Ahora que se cumplen cien días
desde mi prejubilación, habrá que hacer balance como hacen los nuevos gobiernos
cuando ha transcurrido ese período de tiempo.
Debo decir que estuve a punto de seguir en activo, pues lo había
comentado con otro compañero que previamente lo hizo, y quise consultarle sobre
la conveniencia de hacerlo o no. Finalmente, y a pesar de los enormes esfuerzos
por retenerme por parte de compañeros y sobre todo jefes y amigos, decidí dar
el paso y entregarme a mejor vida (dicho sea con todo el respeto).
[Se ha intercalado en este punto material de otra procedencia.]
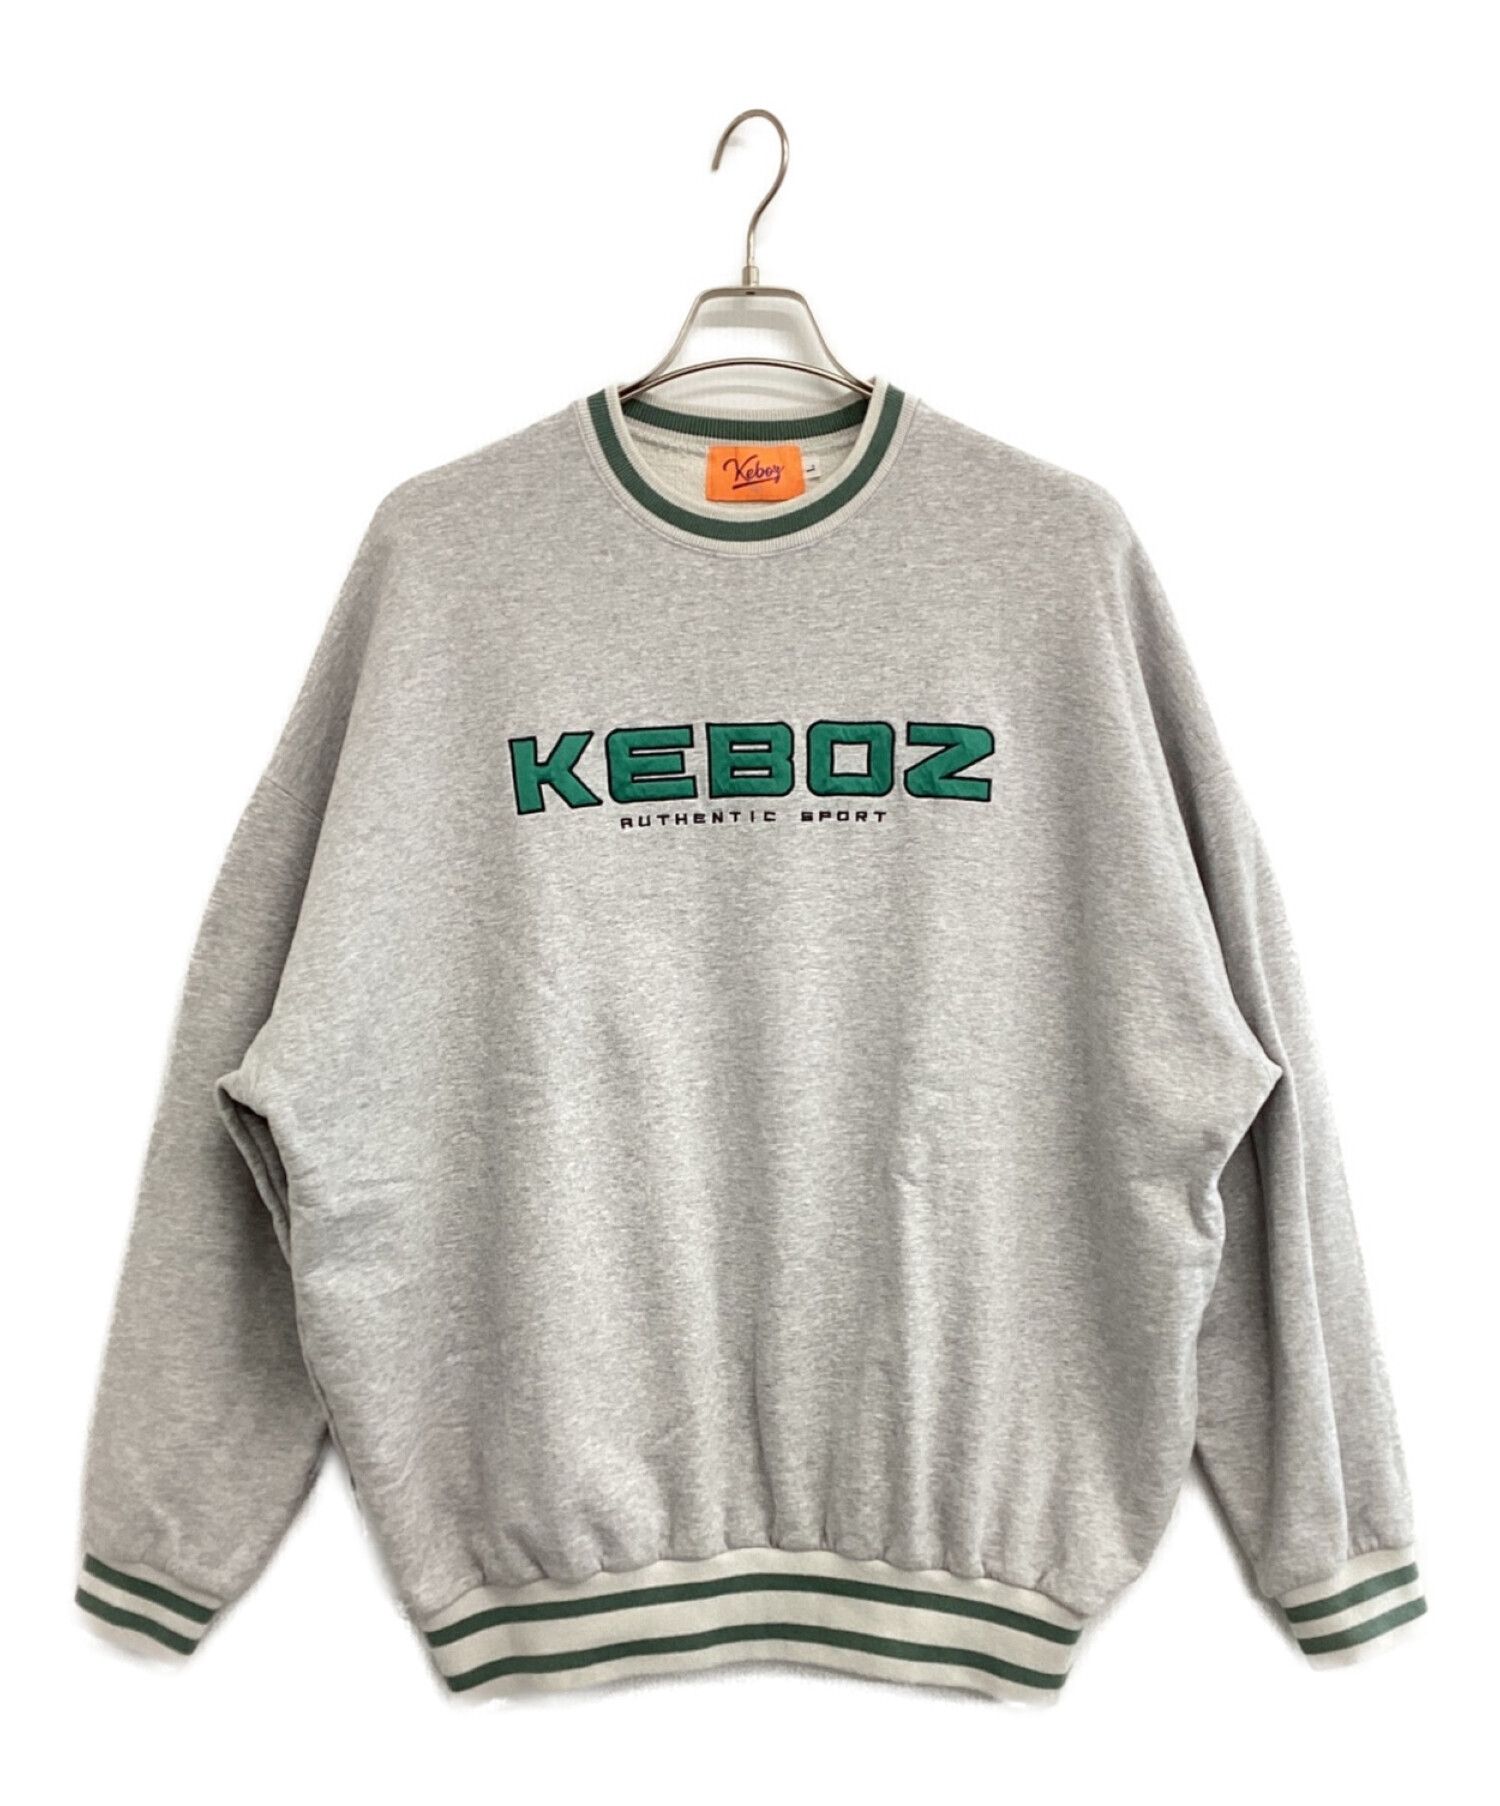 KEBOZ (ケボズ) ロゴスウェット グレー×グリーン サイズ:L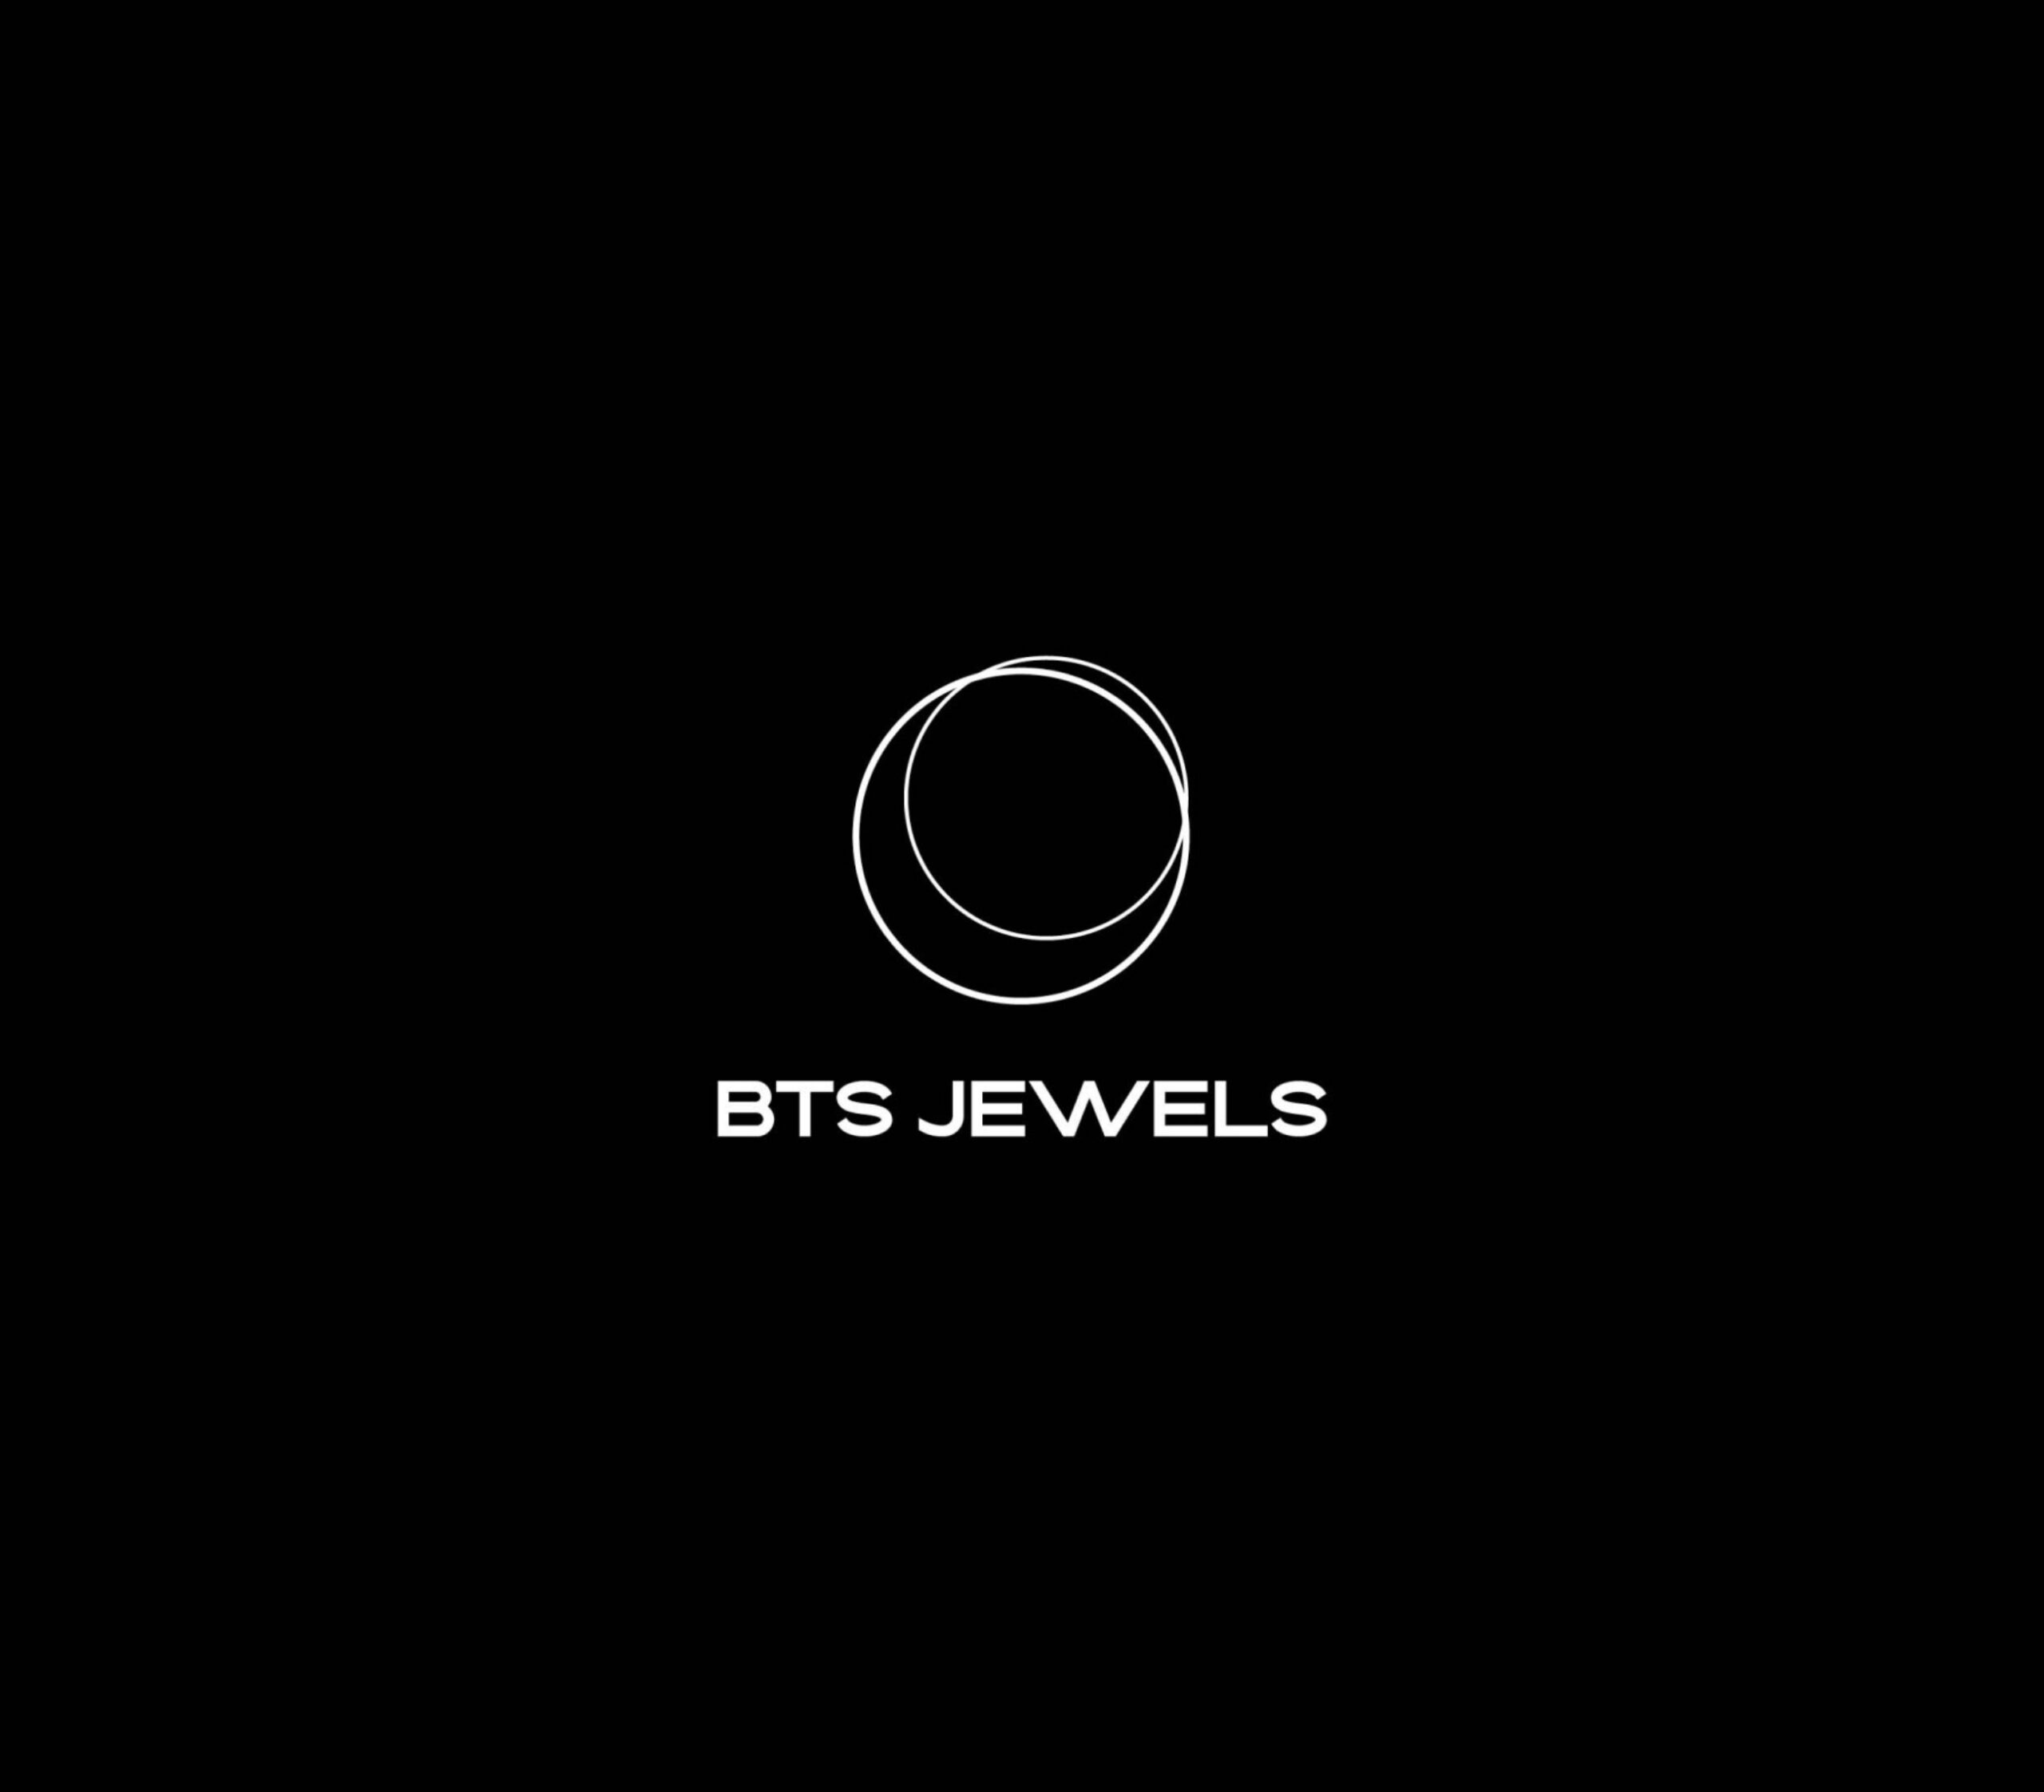 BTS Jewels FORT07 01 02 1804x0

Siempre había soñado con este día: Olvidarme del reloj, hacer las cosas con tranquilidad, no
madrugar mucho, pasear, leer, viajar...
Y a fe que lo estoy cumpliendo. El reloj no lo encuentro por
ningún lado (y debe ser por la memoria); la tranquilidad (según me dice mi
mujer) es irritante, ya que tardo en pasar la aspiradora, limpiar el polvo y
hacer los baños, más de dos horas y media; no madrugo mucho –como decía–, pues mi hija me trae
al niño y al chihuahua a las seis y cuarto de la mañana y yo estaba
acostumbrado a levantarme para ir a trabajar a eso de las seis y media; pasear
paseo mucho, ya que tengo que llevar al niño a la guardería, sacar al perro a
que corra un poco y que haga sus necesidades, aunque tampoco me puedo
entretener todos los días ya que tengo que comprar el pan y a veces tengo
médico o pruebas que hacerme. En cuanto a leer, la verdad es que se me cansan
mucho los ojos y leo poco porque no aguanto, pero me bajo un montón de libros
de Internet y así por lo menos me hago la ilusión de que los tengo y que algún
día los leeré.
Y solo me queda el tema de viajar. A ver si cambia el tiempo
y se me quitan los dolores de cuello, espalda y piernas que tengo, porque me ha
dicho el médico que salga de casa, que con lo del colesterol, el azúcar, la
artrosis, las piedras del riñón y vesícula, el hígado graso, las taquicardias y
el sobrepeso que he cogido desde que dejé el trabajo, estoy en riesgo de
infarto.
De todos modos estoy contento: Me acuesto tan tarde como me
da la gana, en el baño estoy todo el rato que me apetece (aunque no tengo otro
remedio pues menudo estreñimiento crónico tengo, que por cierto, os recomiendo
el jarabe tan bueno que me tomo cuando
la cosa aprieta). Y lo más importante de todo: el recuerdo constante que tengo de parte de todos aquellos compañeros
que me querían y que no dejan de asediarme con sus whashapes, correos
electrónicos, comentarios sobre los escritos del blog y otras redes sociales.
Alguno dirá que será por la forma que tuve de despedirme. Y
tienen razón... y yo también, porque los amigos aparecen cuando deben hacerlo y
no diariamente para no parar de dejar de dar el coñazo. En realidad, eso no es
amistad, es compañero de trabajo, compañero de copas, de compartir cotilleos, y
los que van más allá: compañeros de planificar putadas haciendo la vida peor a
los demás. Aún recuerdo varios cambios de departamento (unas veces con solo
unos metros de distancias, otros separados tan solo por un piso y hasta alguno
de sucursal). No sé qué tipo de abducción sufrieron, pero el caso es que muchos
se olvidaron hasta de lo más elemental.
Pero como esto es así, así me despedí yo. En la creencia
firme de que todo se desarrollaría de esta manera. Lo cual no deja de ser
triste, porque aunque sea contraproducente, tomar decisiones comprometidas y
sujetas a la crítica no está nada mal. Recordemos que la peor decisión es la
que no se toma y yo, por tomar y me creo con mucha suerte, solo tomo la
almohada a la hora de irme a la cama.